WHAT IS BEING ASKED ::
From the listing below, restate word for word the lines from the line containing "HD Wallpapers Avril Lavigne Live HD" down through the line containing "cerrajeros Economicos Valencia". Exclude pictures.

DATA IN THIS EXERCISE ::
---*---

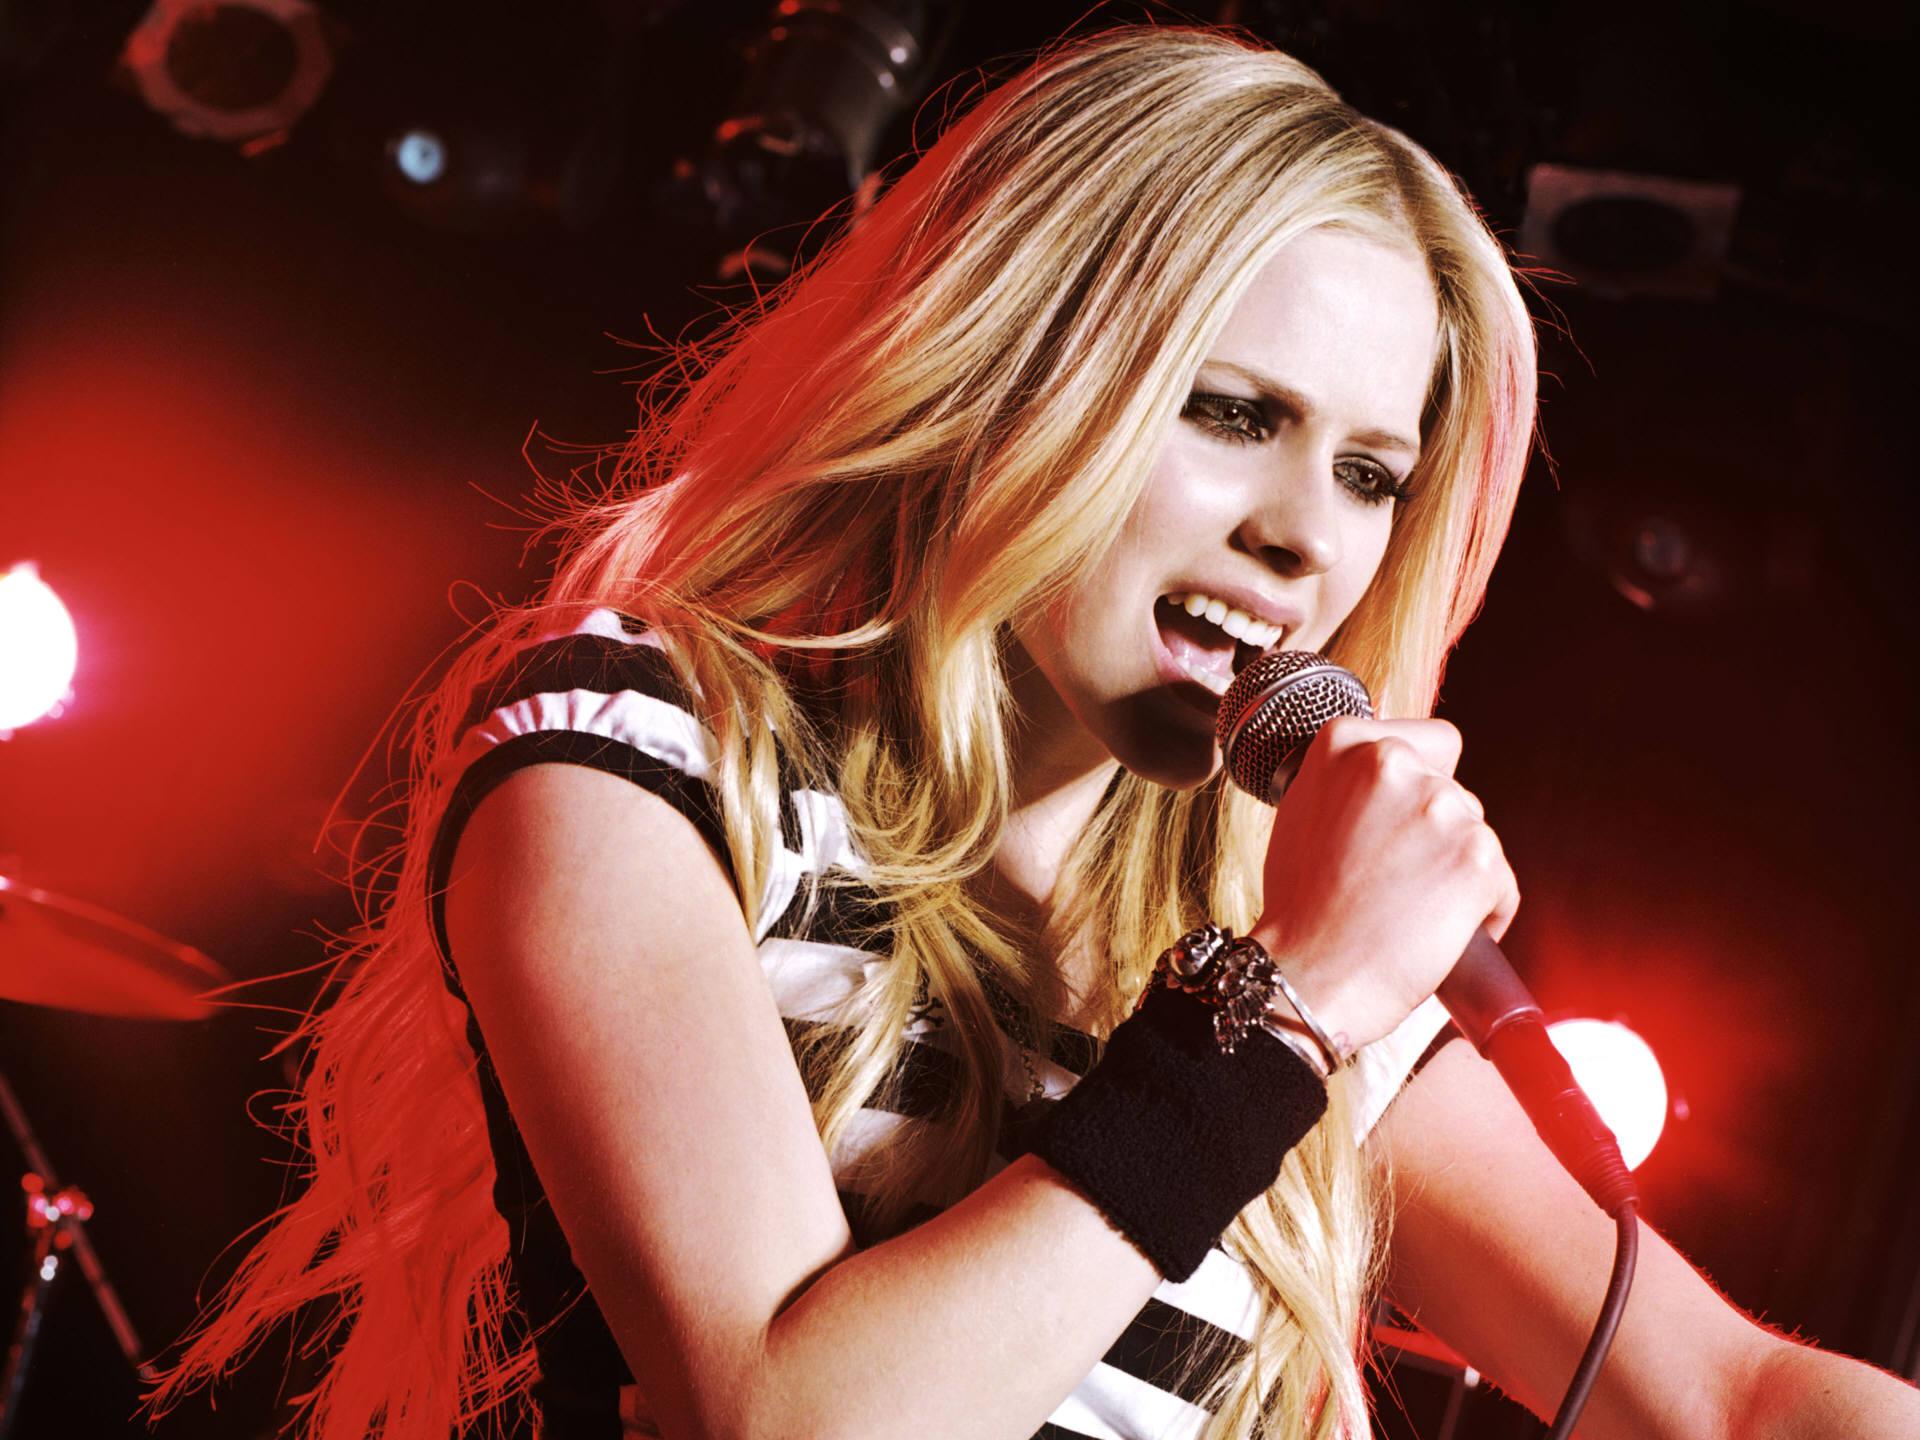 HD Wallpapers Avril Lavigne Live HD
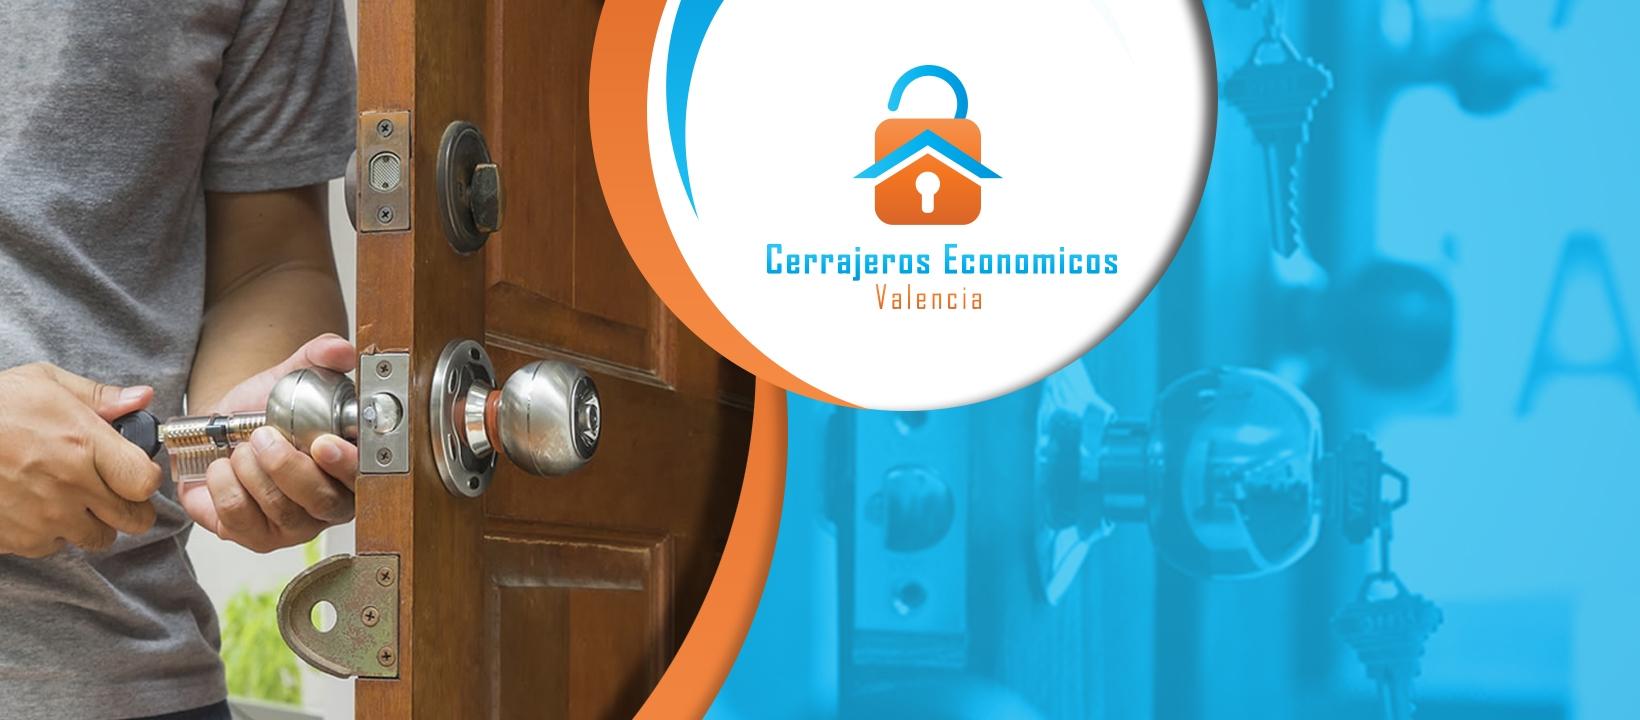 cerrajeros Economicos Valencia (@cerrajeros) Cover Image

---*---

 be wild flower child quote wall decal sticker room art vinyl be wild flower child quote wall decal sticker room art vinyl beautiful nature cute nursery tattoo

---*---

TASK ANSWER ::
 HD Wallpapers Avril Lavigne Live HD
 cerrajeros Economicos Valencia (@cerrajeros) Cover Image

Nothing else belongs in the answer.